Ik weet dat mijn vraag misschien een beetje gek klinkt maar ik ben op zoek naar mensen die mij willen helpen met het leren koken van Marokkaanse recepten, zowel de hoofdgerechten als zoetigheid. 

Ik leer snel en ben super gemotiveerd en ik hoop dat er mensen zijn die me willen helpen.

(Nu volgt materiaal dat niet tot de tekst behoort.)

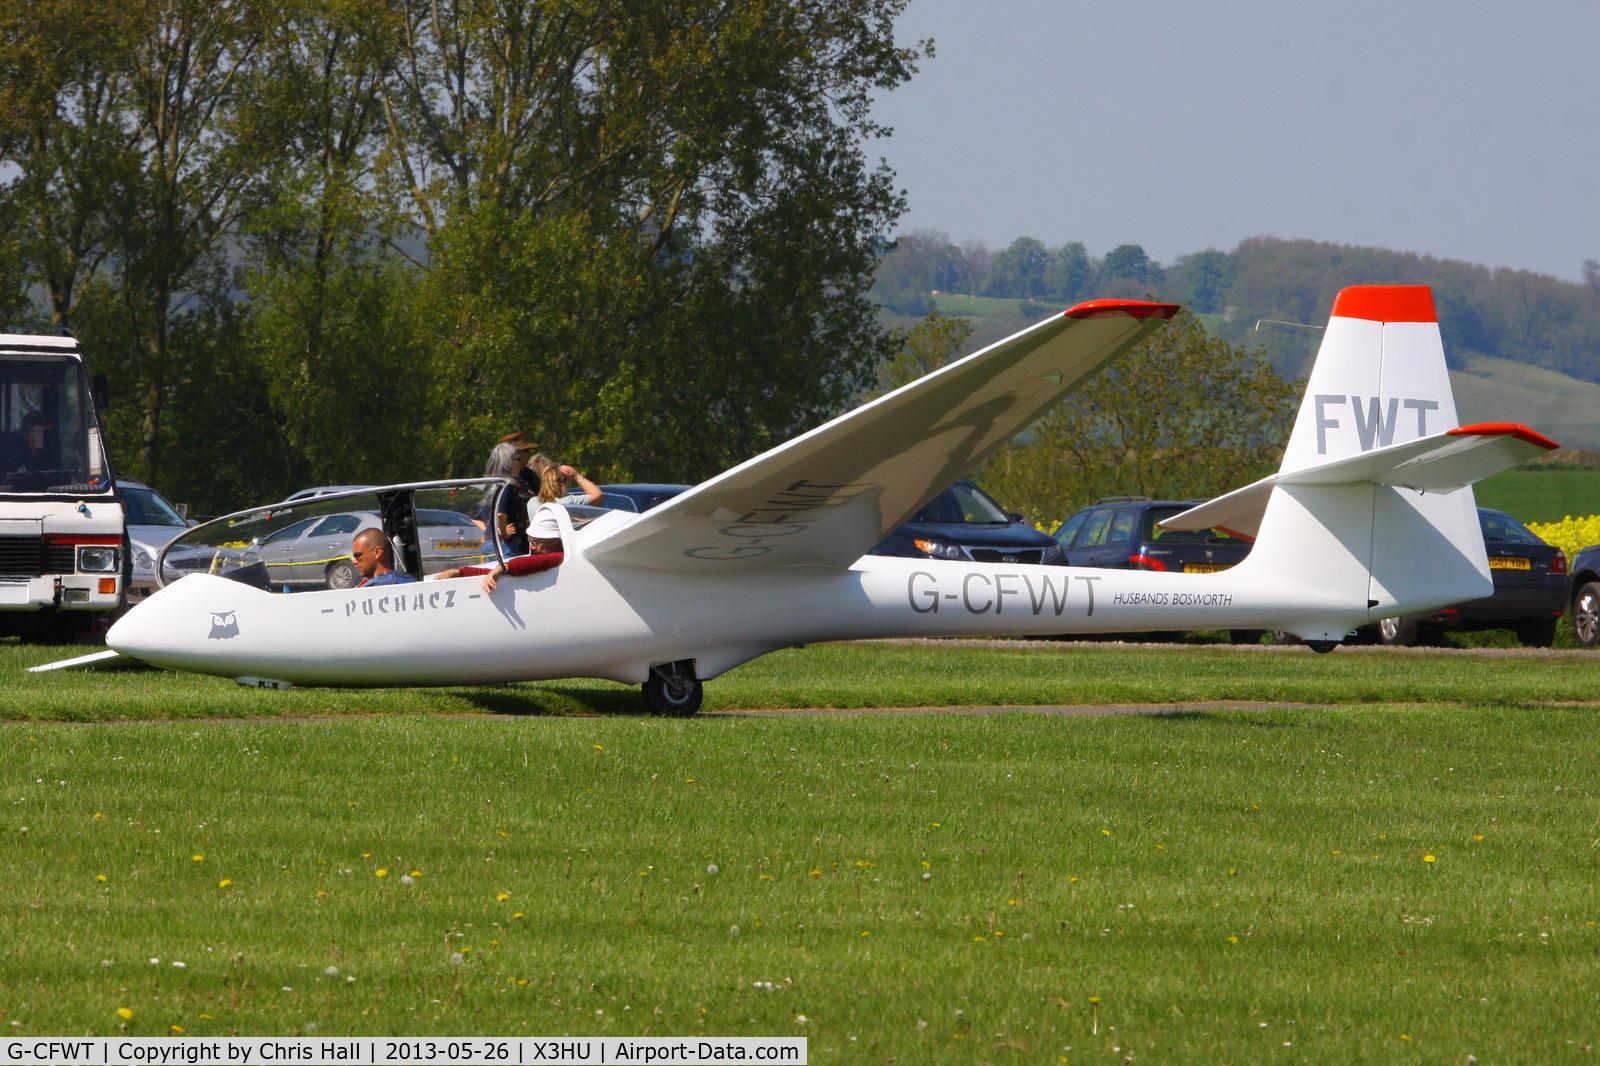 G-CFWT, 1990 PZL-Bielsko SZD-50-3 Puchacz C/N B-1988, Coventry Gliding Club, Husbands Bosworth
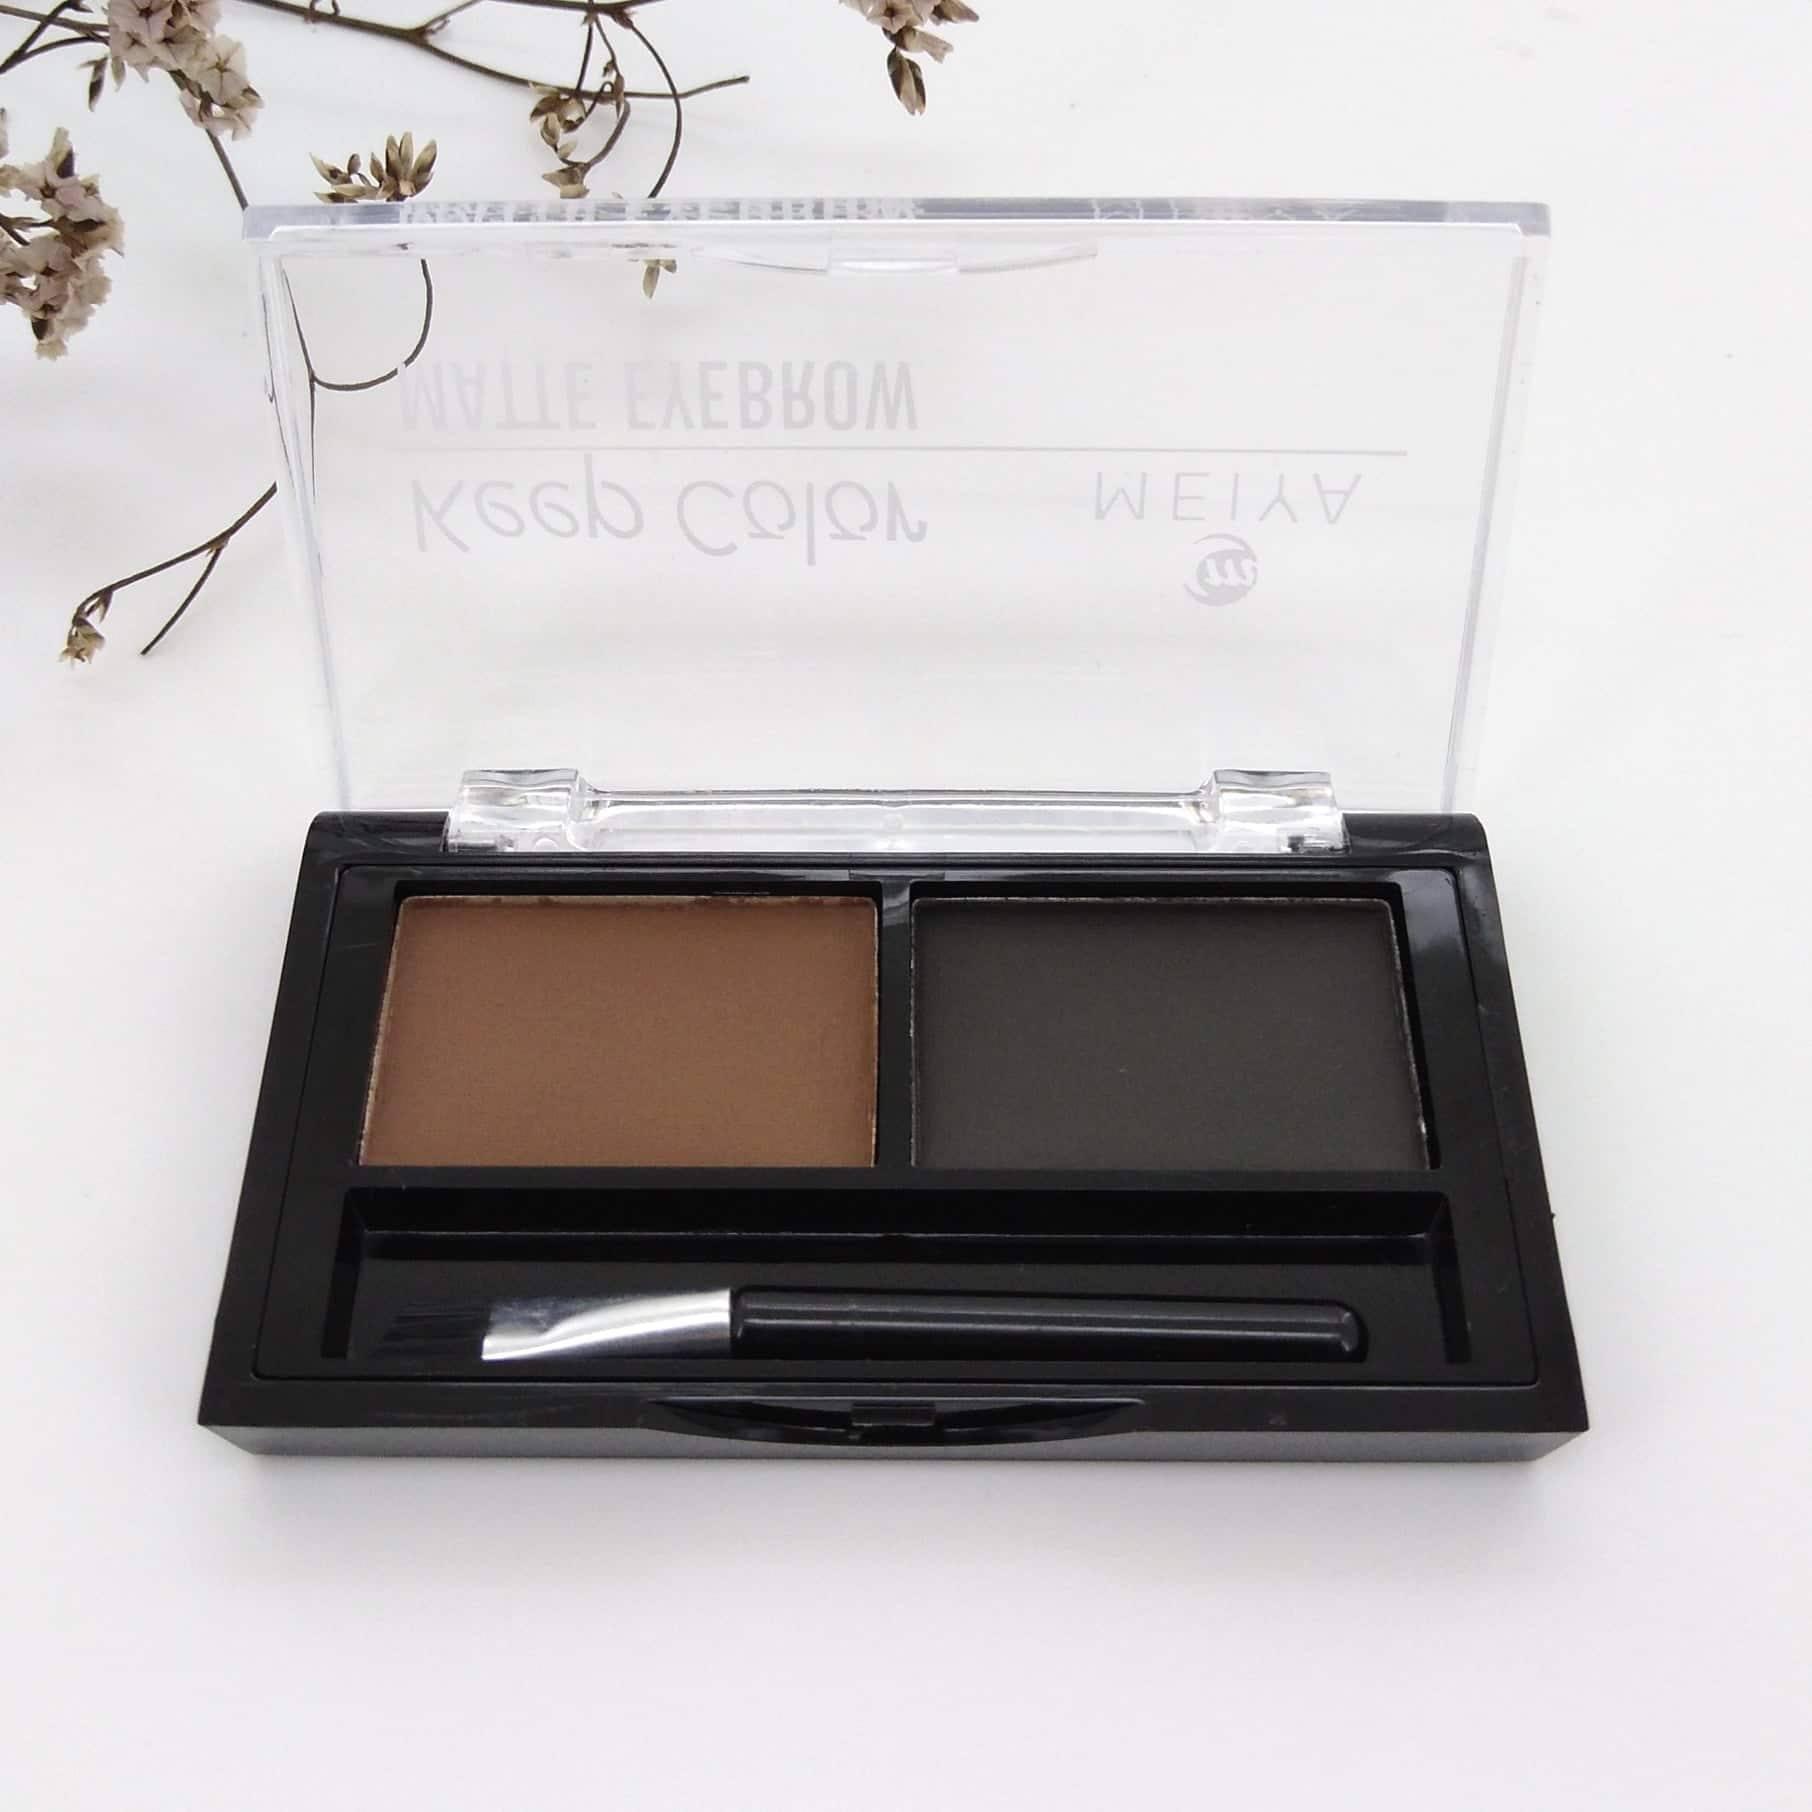 MEIYA Keep Color Matte Eyebrow Powder with Brush (ME-008) Philippines

Uiteraard gaat voor niets de zon op dus of ik kan je misschien helpen met iets of ik betaal een vergoeding. Het is gewoon echt heel belangrijk voor me dat ik een aantal dingen op tafel kan zetten na mijn huwelijk  :Smilie: 

Alvast bedankt voor het reageren 🌸

----------


## Jamal 020

> Assalamoe Aleikum, 
> 
> Ik weet dat mijn vraag misschien een beetje gek klinkt maar ik ben op zoek naar mensen die mij willen helpen met het leren koken van Marokkaanse recepten, zowel de hoofdgerechten als zoetigheid. 
> 
> Ik leer snel en ben super gemotiveerd en ik hoop dat er mensen zijn die me willen helpen.
> 
> Uiteraard gaat voor niets de zon op dus of ik kan je misschien helpen met iets of ik betaal een vergoeding. Het is gewoon echt heel belangrijk voor me dat ik een aantal dingen op tafel kan zetten na mijn huwelijk 
> 
> Alvast bedankt voor het reageren 🌸


Salam ik kan je misschien wel helpen ik kook van kleins af aan hahaha ben echt serieus om jou te leren en te helpen

Inshallah heb je whatsapp

----------